While Linkle does not have any relation to Link, she was originally meant to be his sister. This was proposed by Hyrule Warriors designers at Koei Tecmo, but The Legend of Zelda franchise designer Eiji Aonuma felt that this conflicted with Link's sister Aryll in The Legend of Zelda: The Wind Waker, who is the only sister he has in the series. Linkle was designed in part to add greater diversity to the game. She is the last character written by Chris Pranger before leaving Nintendo, with Pranger stating that he "wanted her to be special." A scene where Linkle rescues Tingle from Ghirahim was cut from the final game due to the designers feeling like it clashed with Linkle's heroic attributes. When asked if she would appear in future games, Aonuma remarked that they would keep her in mind. She is described as "boundlessly cheerful", kind and naive, and "she always stops to help those in need". She is voiced by Mikako Komatsu.

==Appearances==
Linkle's only official appearance is as a playable character in the 2016 video game Hyrule Warriors Legends, an expanded re-release of the original Hyrule Warriors, as well as its Nintendo Switch port, Hyrule Warriors: Definitive Edition. Linkle lives in a small village in Hyrule and cares for Cuccos, aspiring to be a hero from her childhood due to a compass from her Grandmother that has been passed down for generations, which she believes proves her hero status. She goes on a quest, though finds herself easily lost. She journeys with other The Legend of Zelda characters, such as Midna, as well as dealing with antagonistic characters like Skull Kid.

==Reception==
When she originally appeared in concept art for the original Hyrule Warriors, the team received such a strong fan response that it caused her to be added in the 3DS re-release.
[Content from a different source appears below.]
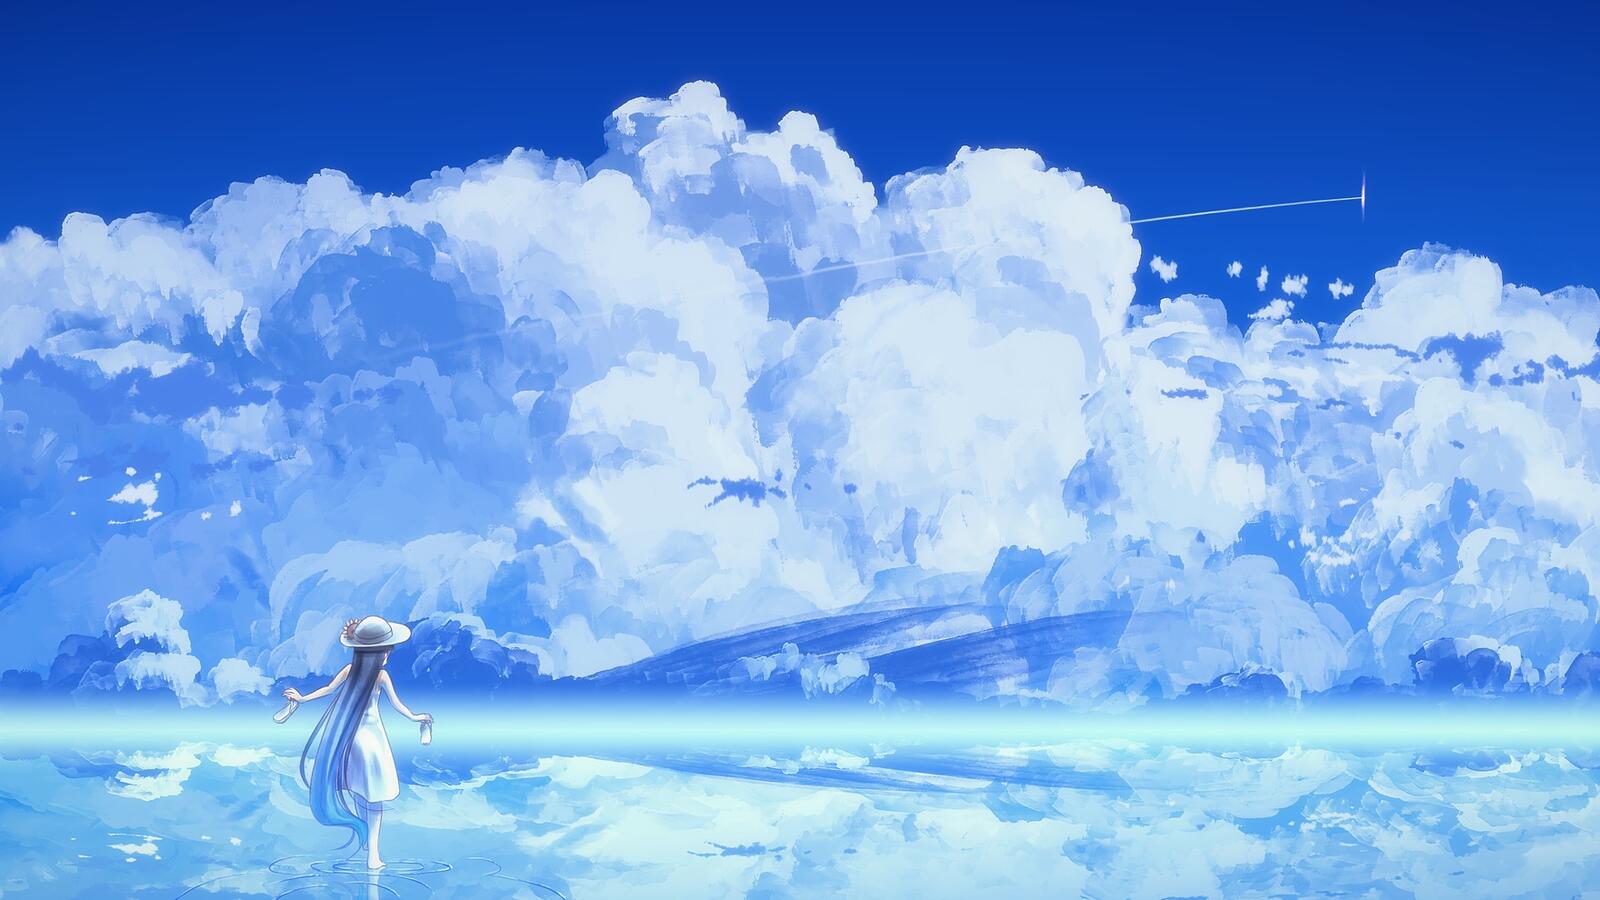 Wallpapers anime girl beyond the clouds white dress on the desktop

Upon her reveal, Linkle received an "overwhelmingly positive" response from fans. American fans viewed Linkle as positive representation of women, influenced by what professor Kathryn Hemmann viewed as an openly hostile industry to women, while Japanese fans were not as concerned due to a more open work environment for women. She also discussed Linkle's design, particularly her zettai ryōiki, identifying how this design and Linkle's personality ("optimistic enthusiasm and physical clumsiness") fits the moe aesthetic. Jonathan Holmes of Destructoid noted that reception for her was mixed across different groups, speculating Linkle was meant to appeal to women more.
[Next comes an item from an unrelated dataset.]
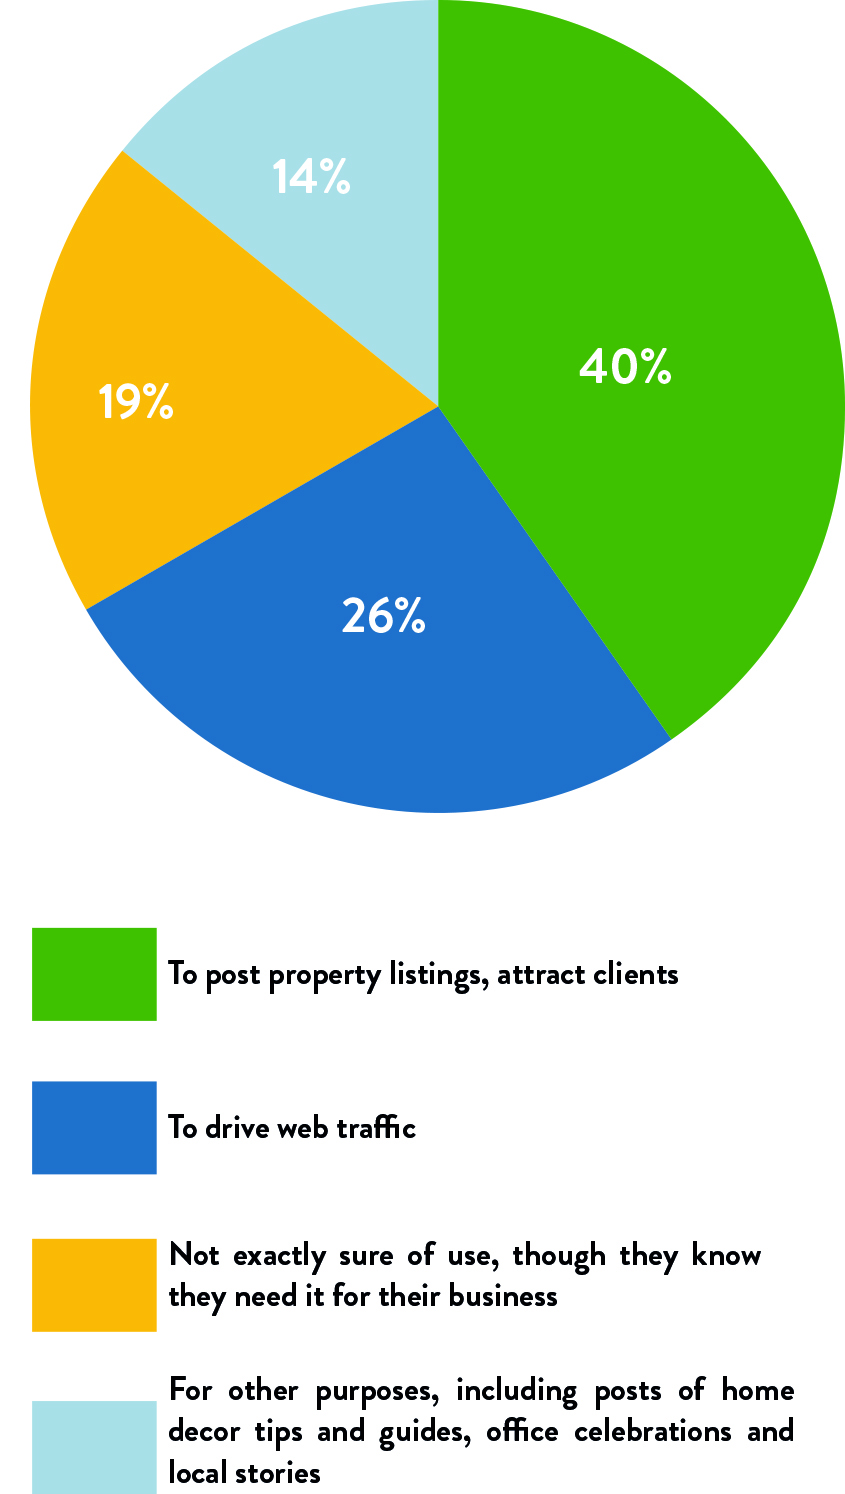 Whitepaper: The Current State of Social Media in Real Estate

Maddy Myers of The Mary Sue noted that while she "loves Linkle", she feels that she is not enough, criticizing the designers for not making her Link and feeling that she seemed like a "one-off" and "novelty" made to sell more copies of Hyrule Warriors Legends. Writer Anita Sarkeesian felt that her "cutesy name and appearance" made clear that she was separate from Link, and that this reinforced the idea that male was the default. Vice writer Mike Diver disagreed with the negative sentiment Sarkeesian provided, calling Linkle a "considerable step into the unknown" for Nintendo, hoping that Linkle would appear in Breath of the Wild. Thomas Whitehead of Nintendo Life found her to be a "clumsy introduction to a female Link", but felt that she would open the door for better attempts in the future. Brian Ashcraft of Kotaku enjoyed her depiction, and appreciated that she did not boil down to just being a female Link. He expressed hope that she would appear in canon The Legend of Zelda games.

An unofficial modification of The Legend of Zelda: Breath of the Wild was created that replaced Link with Linkle. This modification adds Linkle's model, as well as new voice acting, facial expressions, and dialogue.